Hamilton City Council Votes Against Becoming a Living Wage Employer

As part of recent 2020 budget deliberations, Hamilton City Council voted against making Hamilton a living wage employer. If accepted, this change would have cost taxpayers $292,550 over a three year phase in.

Hamilton Living Wage Employer

I am very dissapointed for our City of Hamilton staff and all minimum wage earners across the City that a 3 year phase in of a living wage was rejected by Hamilton City Council.

I believe this was a missed opportunity for Hamilton to take a principled leadership role and set an example for business – sending a message that the people who build wealth are worth more than the minimum.

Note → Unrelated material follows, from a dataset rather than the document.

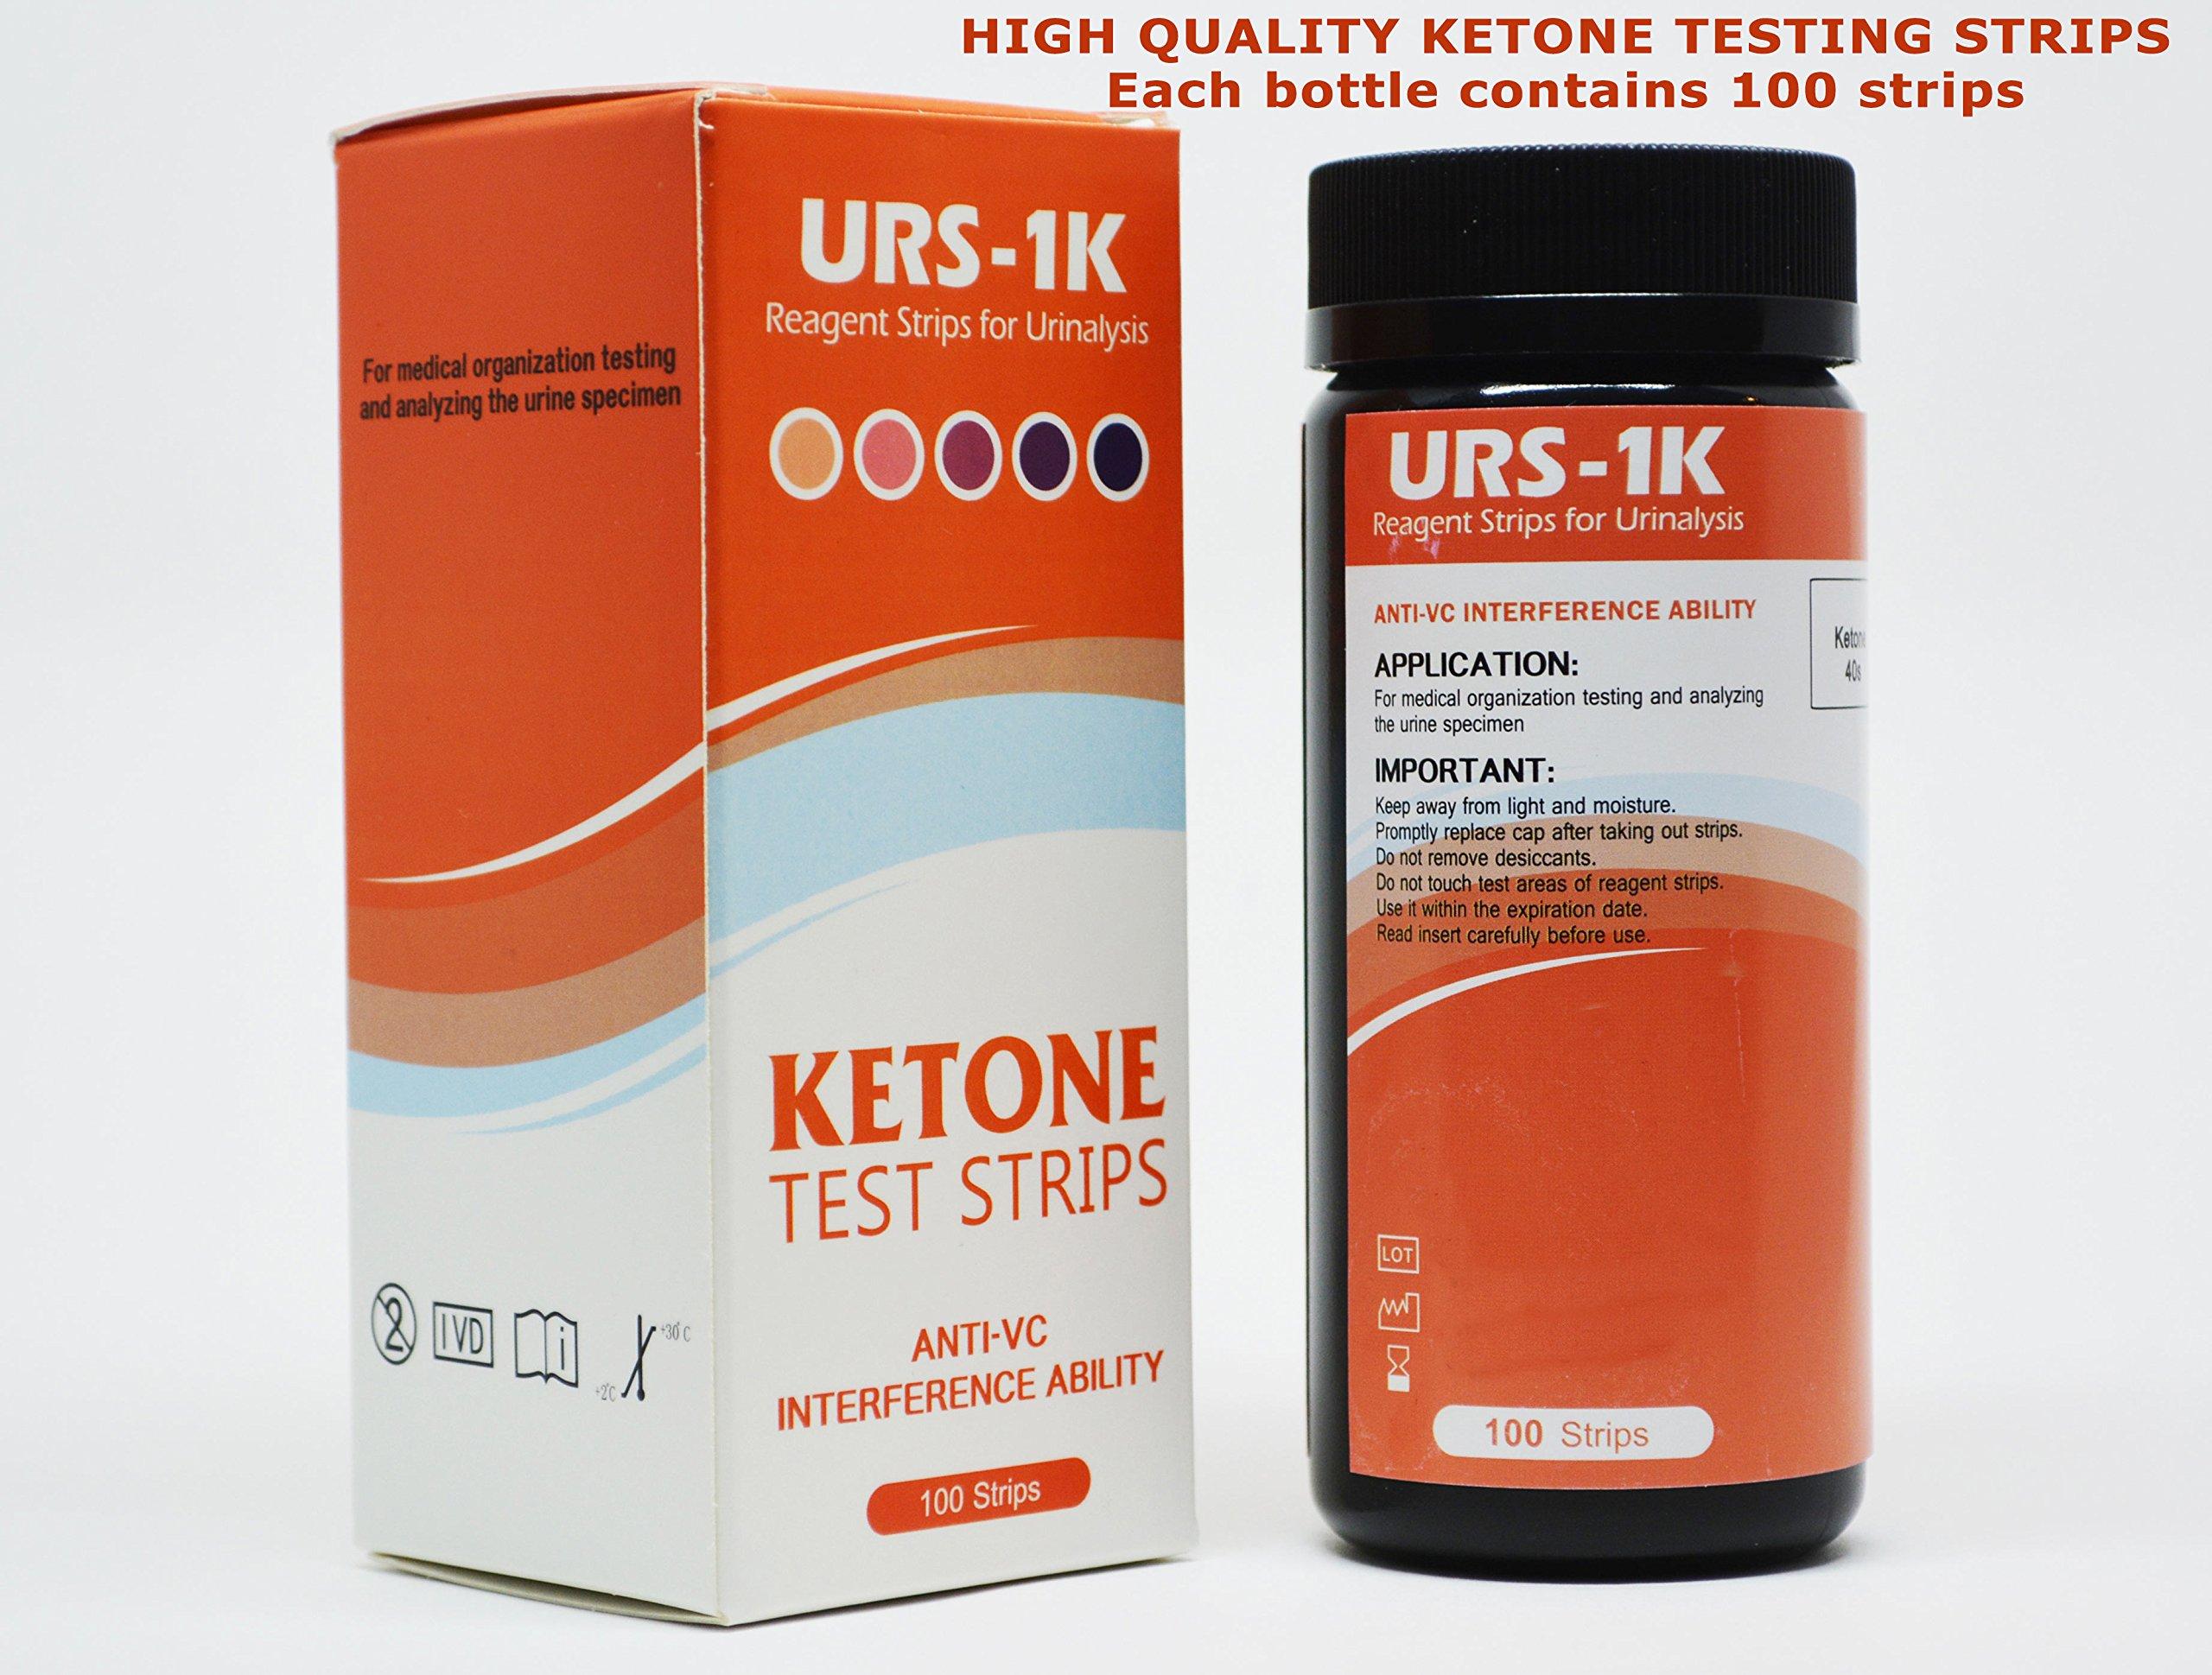 300 Pack (3 Bottles) of Ketone Test Strips - Professional Grade - Ketogenic, Paleo, Atkins Diets by URS-KETONE

Please continue reading for further details…

How Much Would it Cost Taxpayers for Hamilton to Pay a Living Wage to All Employees?

The City of Hamilton currently has three groups of employees that earn less than a living wage (currently set at $16.45/hour):

  • Non-Union part time casual employees
  • Non-Union full time summer students
  • Unionized summer students

During the discussion, City of Hamilton Staff clarified who these City employees are:

Lora Fontana, executive director of human resources, told councillors many of the workers aren’t students. 

Summer students account for 212 of the workers, and student labourers another 346, she said, while there are 229 school crossing guards. There are another 224 non-union workers who work in facilities such as arenas and long-term care homes.

“These are positions that are predominantly filled by adults — not students — who have other obligations separate and apart from school,” she said.

Samantha Craggs, CBC Hamilton

The City of Hamilton has an total annual budget around $2 billion dollars.

City finance staff estimated that it would cost $292,550 per year to phase in implementation of a city-wide living wage over three years – roughly 0.015% of the annual City budget or an average cost of $1.15 per year added to the average residential tax bill.

Why Did You Support a Living Wage for All City Employees?

When the living wage issue was first raised by Councillor Nann during the 2019 budget deliberations, I was very much against burdening residential taxpayers with the cost of paying all City employees a living wage.

At that time, the previous Liberal Provincial government had just raised the provincial minimum wage to $14/h with a scheduled increase to $15/h, which was subsequently canceled by the Doug Ford Ontario Progressive Conservatives when they took power.

I have worked many minimum wage jobs (back in the $6.85/h days and piecework planting trees for ten cents per tree) to put myself through university, and I always viewed a bad paying, terrible job as somewhat of a right of passage.

However, through careful consideration of the many delegations who presented to Council on this issue, speaking with several City of Hamilton employees currently earning a minimum wage and feedback from Ward 8 residents – I came to realize the systematic ways that the wealthy disproportionately benefit from low wages.

In today’s economic system the distribution of wealth is increasingly inequitable and the old adage of work harder, get a better paying job is simply not a realistic expectation for many low income earners and students in our City.

As a community leader, I believe that the City of Hamilton must be held to a higher standard.

On this issue, in my opinion Hamilton City Council and the Corporation of the City of Hamilton has missed an opportunity to seize a leadership role and lead by example.